Details
- Carnegie stage: 11
- Days: Third gestational week
- Precursor: Paraxial mesoderm
- Gives rise to: Somites

Identifiers
- Latin: somitomera
- TE: E5.0.2.2.2.0.2

= Somitomere =

In the developing vertebrate embryo, the somitomeres (or somatomeres) are collections of cells that are derived from the loose masses of paraxial mesoderm that are found alongside the developing neural tube. In human embryogenesis they appear towards the end of the third gestational week. The approximately 50 pairs of somitomeres in the human embryo, begin developing in the cranial (head) region, continuing in a caudal (tail) direction until the end of week four.

==Development==
The first seven somitomeres give rise to the striated muscles of the face, jaws, and throat.

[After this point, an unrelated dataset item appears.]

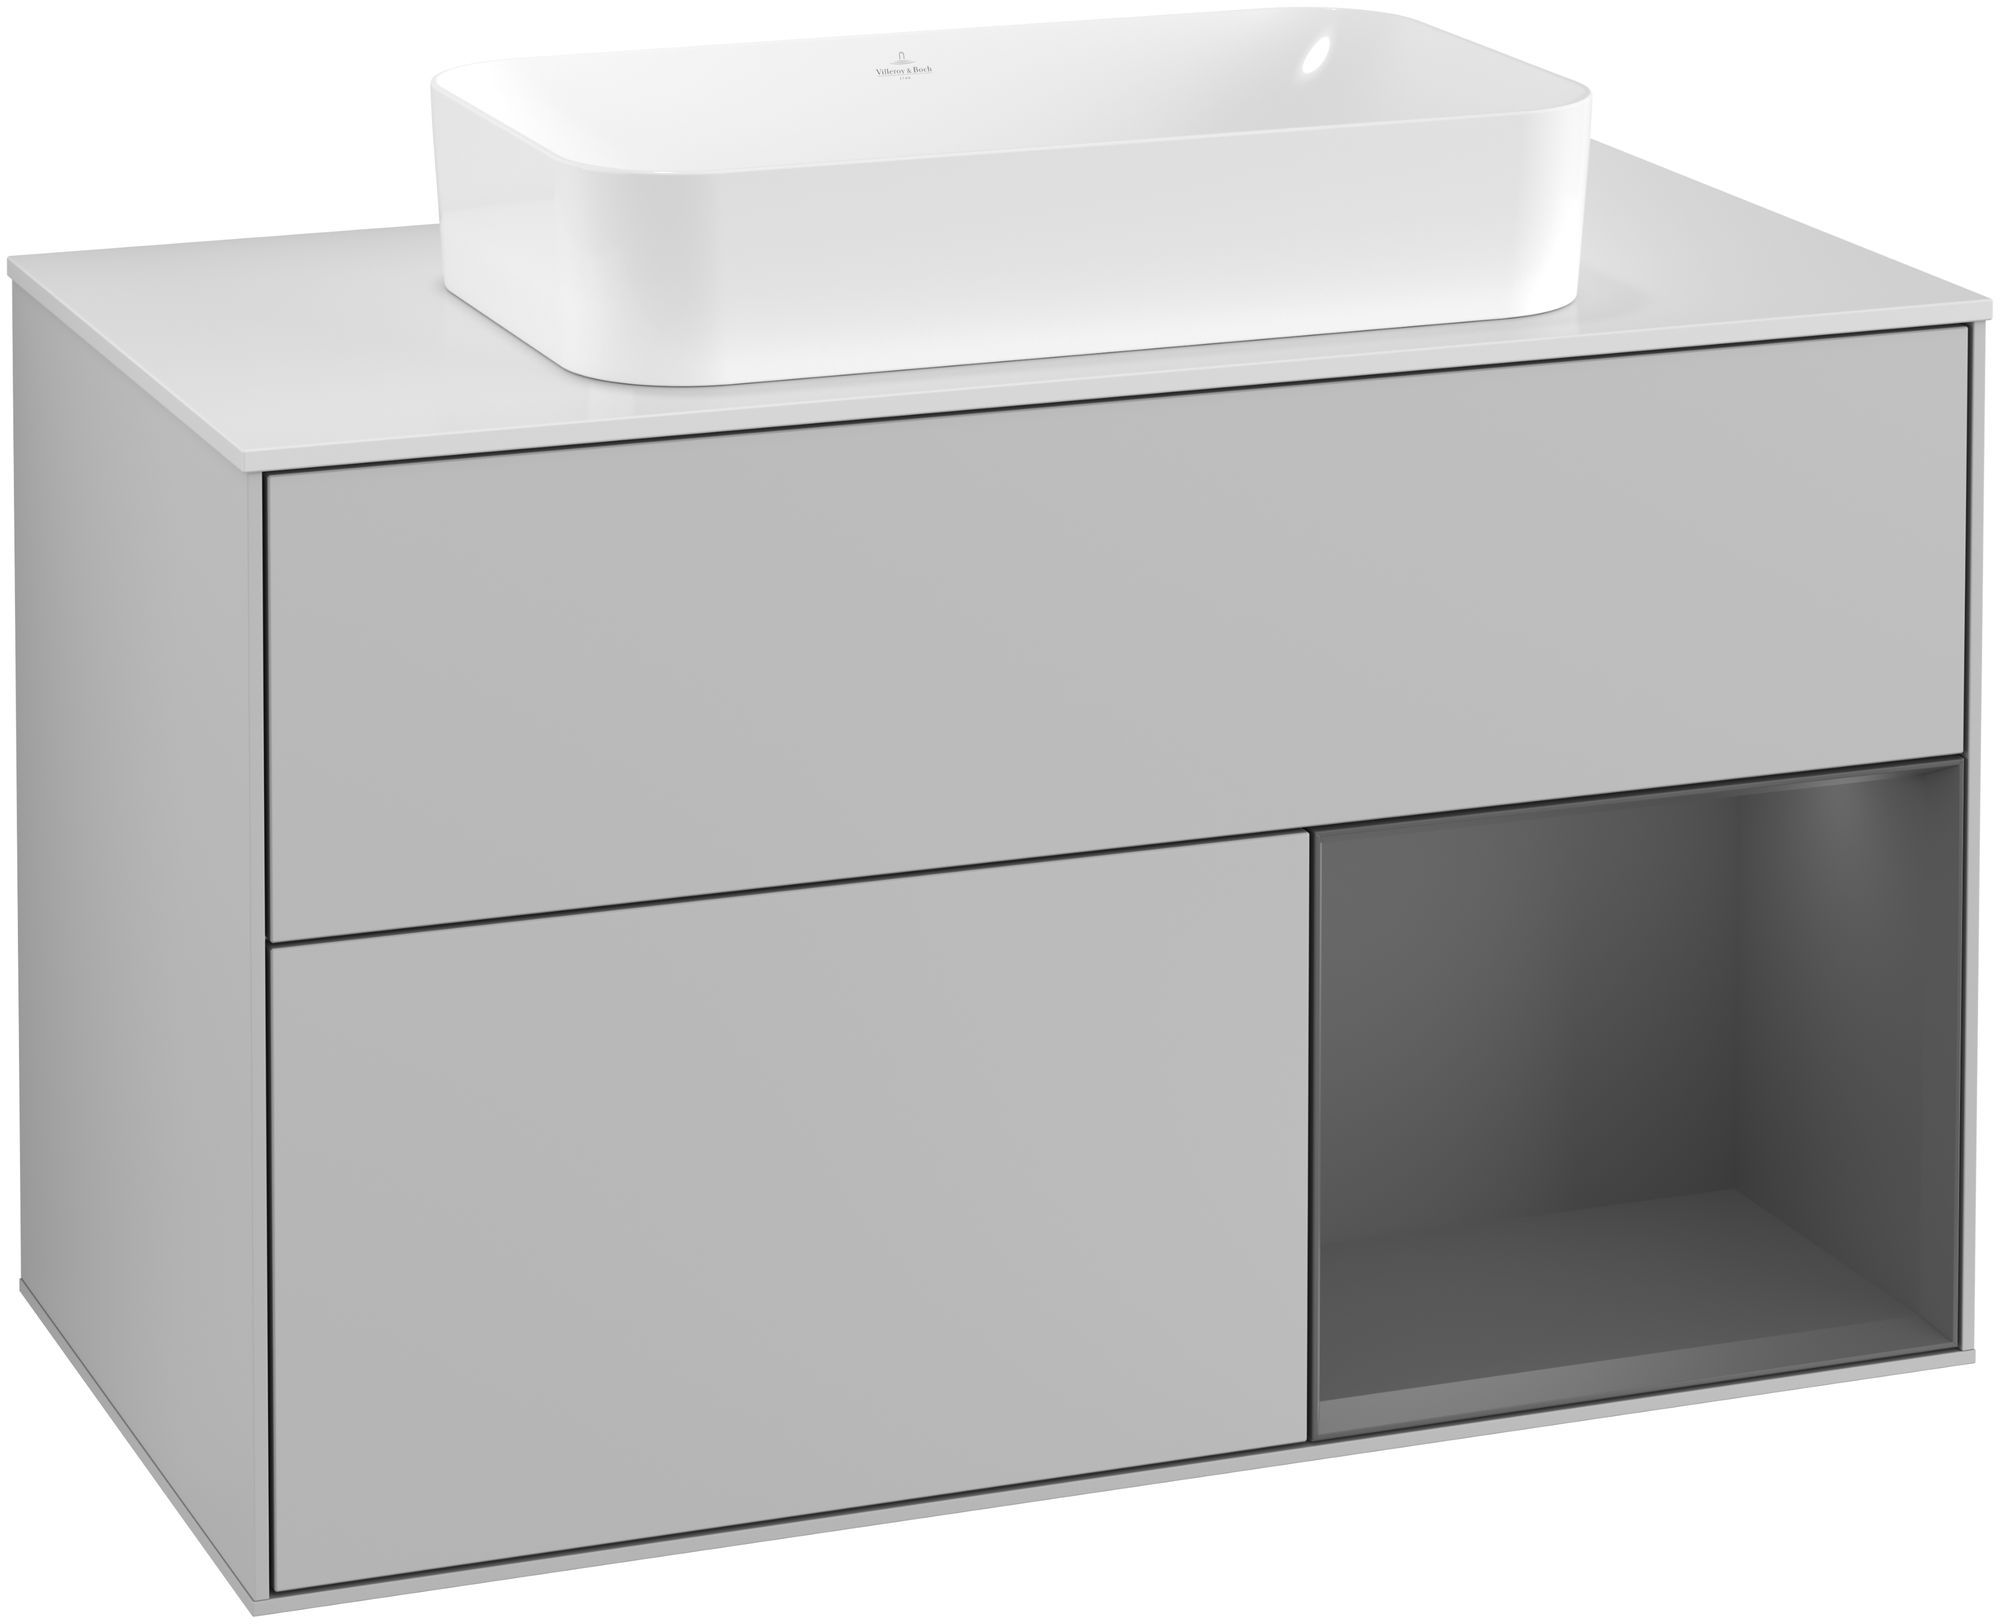 Villeroy & Boch Finion G25 Waschtischunterschrank mit Regalelement 2 Auszüge für WT mittig LED-Beleuchtung B:100xH:60,3xT:50,1cm Front, Korpus: Light Grey Matt, Regal: Anthracite Matt, Glasplatte: White Matt G251GKGJ

The remaining somitomeres, likely driven by periodic expression of the hairy gene, begin expressing adhesion proteins such as N-cadherin and fibronectin, compact, and bud off forming somites. The somites give rise to the vertebral column (sclerotome), associated muscles (myotome), and overlying dermis (dermatome).
There are a total of 37 somite pairs at the end of the fifth week of development, after the first occipital somite and 5-7 coccygeal somites disappear from the original 42-44 somites.